Abrí, los ojos. La mente también. Empecé a experimentar como cuando despiertas en medio de la
penumbra y todo se va aclarando, solo que, a mí, ahora todo parecía que esa luz naciente era la
fuente de mi oscuridad.

Solo pensarlo atentaba contra toda la oscuridad que me había acompañado en las fiestas lunares
luego de una cena sin cubiertos, con una jarra de jugo intentando no volver a beber los fermentos
de la amargura que habitaba en cada uno de mis pétalos acariciados por la imprenta de los sueños.

Pues en esas estaba, intentando no ver tantos ojos abiertos viendo gris-negro igual que yo, que
aparecía ahora en la sanación eterna de mi enfermedad, como una sensación de que eso ya lo había
vivido, fue entonces cuando debajo de mí, estaba inmóvil, frio y sin poder si quiera tocarle, una
forma de árbol fenecido, pero bellamente presentable. Imaginé que nada podía decirme, no le
hablé.

Quise sin duda, observar a través de mis ojos ausente, esperar que alguien me viera, por lo menos,
ese sujeto que estaba el otro día asomándose a buscar algo como si fuese yo mismo a quien buscaba,
pero luego de pasar de largo, como si ya me hubiera acumulado todos los odios, decidió quejarse
una vez más con manotazos en su contra pierna derecha, como si buscara una fuerza que lo hiciera
moverse porque ya no puede por sí solo.

Creía que al menos, iba a vomitar todas las palabras metidas entre mi máscara y mi espalda, pero
no pude, sentí como si me llevaran a un lugar tan remoto como Luvina, pero no, seguía allí, en la
espera de una tormenta o de una sequía. Estaba como la arena sin que la tocase una ola.

Con solo imaginar que, en otros tiempos, mis ojos y la mente estaban tan despiertos que me
quedaba sin movimiento y luego aparecían esas manos de rubí, que tocaban sutilmente el borde de
mi alma, como si me llevaran poco a poco al final del éxtasis, que algunas veces aparecía en medio
de mis pasos numerados, así como cuando en media tormenta el rayo ilumina toda tu habitación y
la vela que te daba toda la luz se convierte en nada.

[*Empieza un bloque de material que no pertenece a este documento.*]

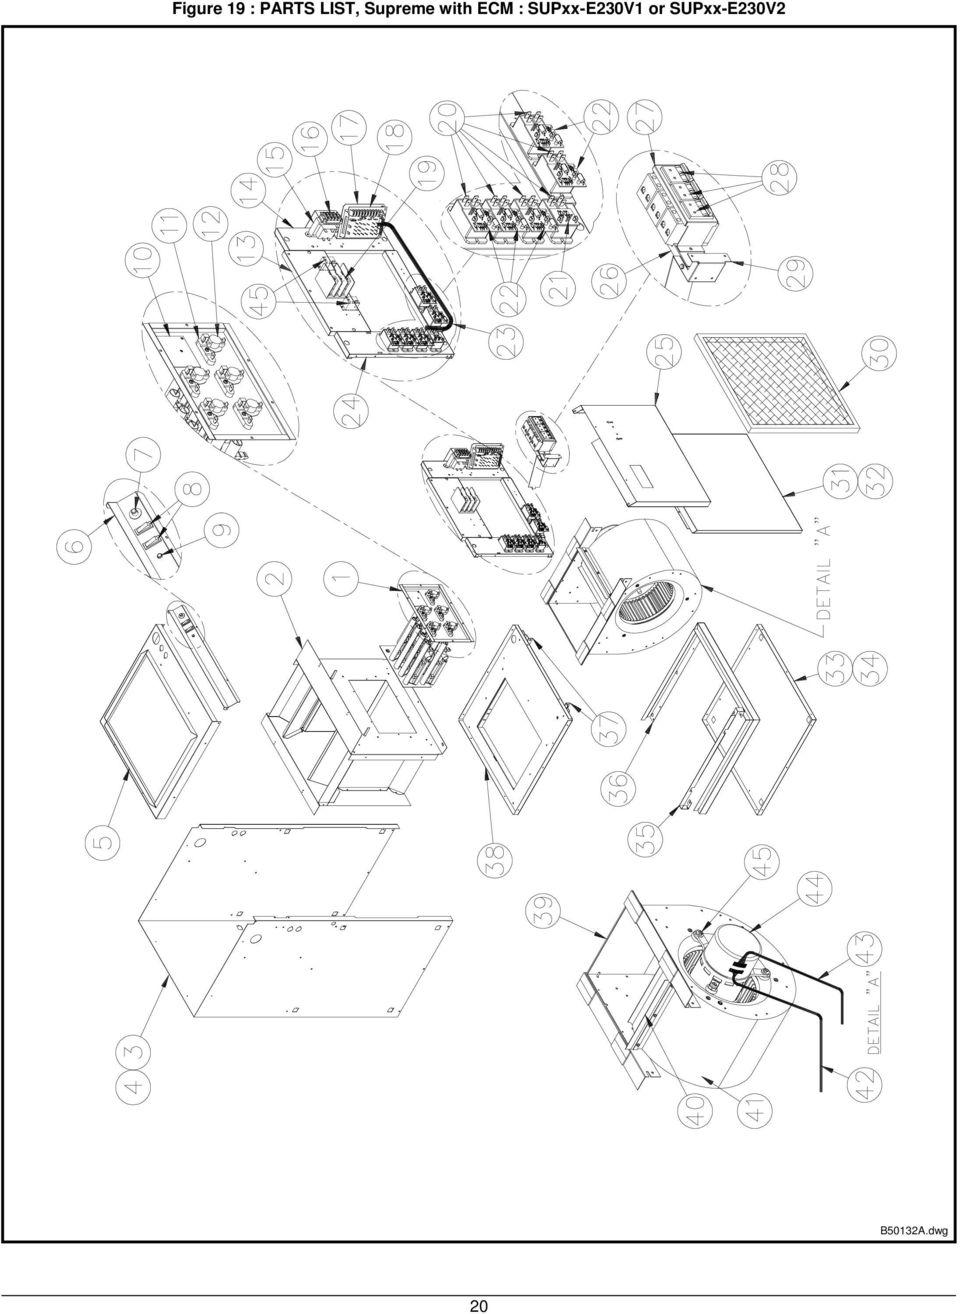 medium resolution of multi position variable speed blower motor ecm sup15 e230v1 sup18 two speed motor starter wiring diagram multi speed fan motor diagram

Definitivamente, que nadie podría ver lo que pienso, ni esa persona que me hirió con su leitmotiv,
y que determinó quién sería yo, ahora abandonado. Me siento inútil. Como el árbol seco que sus
raíces se funden a la tierra y no tiene ya donde sujetarse, así de muerto, como si no corriera ya más
el viento, como si ya no se moviera el mar, como si ya no existiera el pensamiento.

Pensé por un momento, si la luz que entraba debajo de la puerta, fuera quien sus ojos clavasen en
mí, por largas noches, y me acariciara para que yo le entregue lo que tengo, sería nuevamente pleno,
como cuando habité en las manos del escribano que tuvo consigo La Eneida y Lisis. Así viviera yo,
como en antiguo, tejiendo las mentes frente a mí, como Ixquic, abuela de los remiendos, le dio el
Cuculcán a quien me dejó en este escritorio esperando a alguien con quien dialogar.